I recently published a paper, where we explain how an FDA approved prediction model, build into a widely used cardiac monitor was developed with an incredibly biased method.
Basically, the training and validation data was engineered so an important range for one of the predictor variables was only present in one of the outcomes, making perfect prediction possible for these cases.
Fair question. The model we comment on both suffer from the problem described in the article but also a more severe problem:
The developers sampled obvious cases og hypotension and nonhypotension, and trained the model to distinguish those. And also validated it on data that was similarly dichotomous. In reality the outcome is often between these two scenarios.
But worse, they also introduce a more severe problem where as range of an important predictor is only available in the hypotension outcome.
I can only imagine the frustration. Just getting this through peer-review took half a year, but at least there was the academic currency of a publication to motivate me.
I’m not sure where you got this form of communication where you respond to everything with a question, and I assume you mean well, but it comes across as patronizing and de-humanizing to try to follow these “rules to winning arguments passively”, or whatever it is.
Indeed, the confusion here is (I think) because your first comment
> Sorry for asking, but how is this relevant to the article?
> PS: how something “sounds” is really difficult to say in a written medium. It might say more about the reader than the writer.
No, it’s not difficult. And not it’s not the reader. When multiple readers all agree about the same interpretation of the writer.
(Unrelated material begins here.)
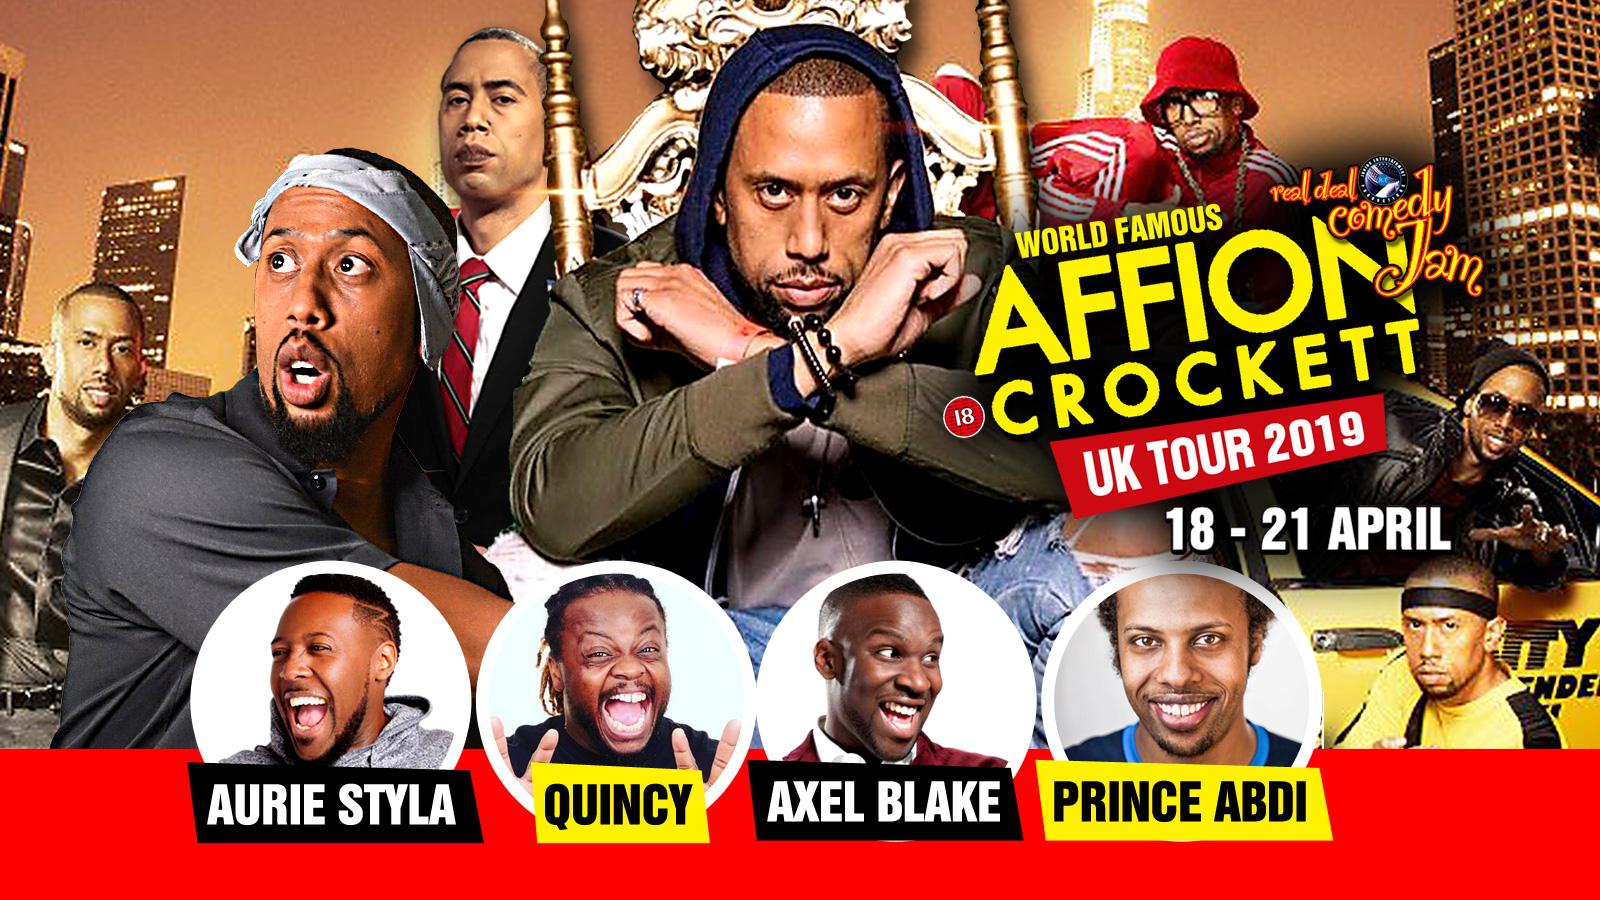 Affion Crockett Live in Birmingham – Real Deal Comedy Jam Tour

It might have been unintentional on the part of the writer, but that doesn’t make it “difficult”
Or the readers fault.
I think what youre trying to encourage is open ended discussion? It's my opinion that this only tends to work IRL or in online mediums with more moderation e.g. wikipedia, stackoverflow.
Random open ended discussion can be good, but I bet it's wise to assume tht most random musings arent really as interesting as you might think.
The problem is quite subtle, though obvious in retrospect. I've seen a paper from a separate, academic, research group make similar model with the exact same problem.
The problem would, however, have been clear, if the model was compared to simply using the current mean blood pressure (MAP) as a predictor of hypotension, because MAP is the problematic predictor variable. Instead, the model was only compared to short-term changes in MAP (ΔMAP), which is obviously nonsensical and has an AUROC of ~0.55.
Hm, reading the linked tweets the problem seems like a big screaming red target on the side of a white barn, not a feature engineering subtlety. It seems like the typical case of the drunk guy looking for his keys under the streetlight. (Having insufficient data, and comparing the model to an arbitrarily picked one that just happens to be even worse. And then everyone including the FDA patting them on the back.)
I think it is the general incompetence of the "academia + R&D biz + regulation pipeline". (In the land of the blind the one-eyed is king, etc.)
It's sort of inevitable in such a non-teleological process. As in each step in it serves its own purpose, and so the whole thing doesn't really serve the purpose that we like to assume for it - ie. give us great thoughtful inventions. That's why it took so long to stop the Theranos train, that's why it takes so fucking long to roll out polyvalent vaccines (ie. all-in-one vaccines), and so on. (I'm picking on medtech here but there are many others, the Boeing + FAA MCAS fuckup, the absolute limpdick paralysis of nuclear power - it needed a combination of half the world on fire + prelude-to-WWIII to get it moving again, and so on.)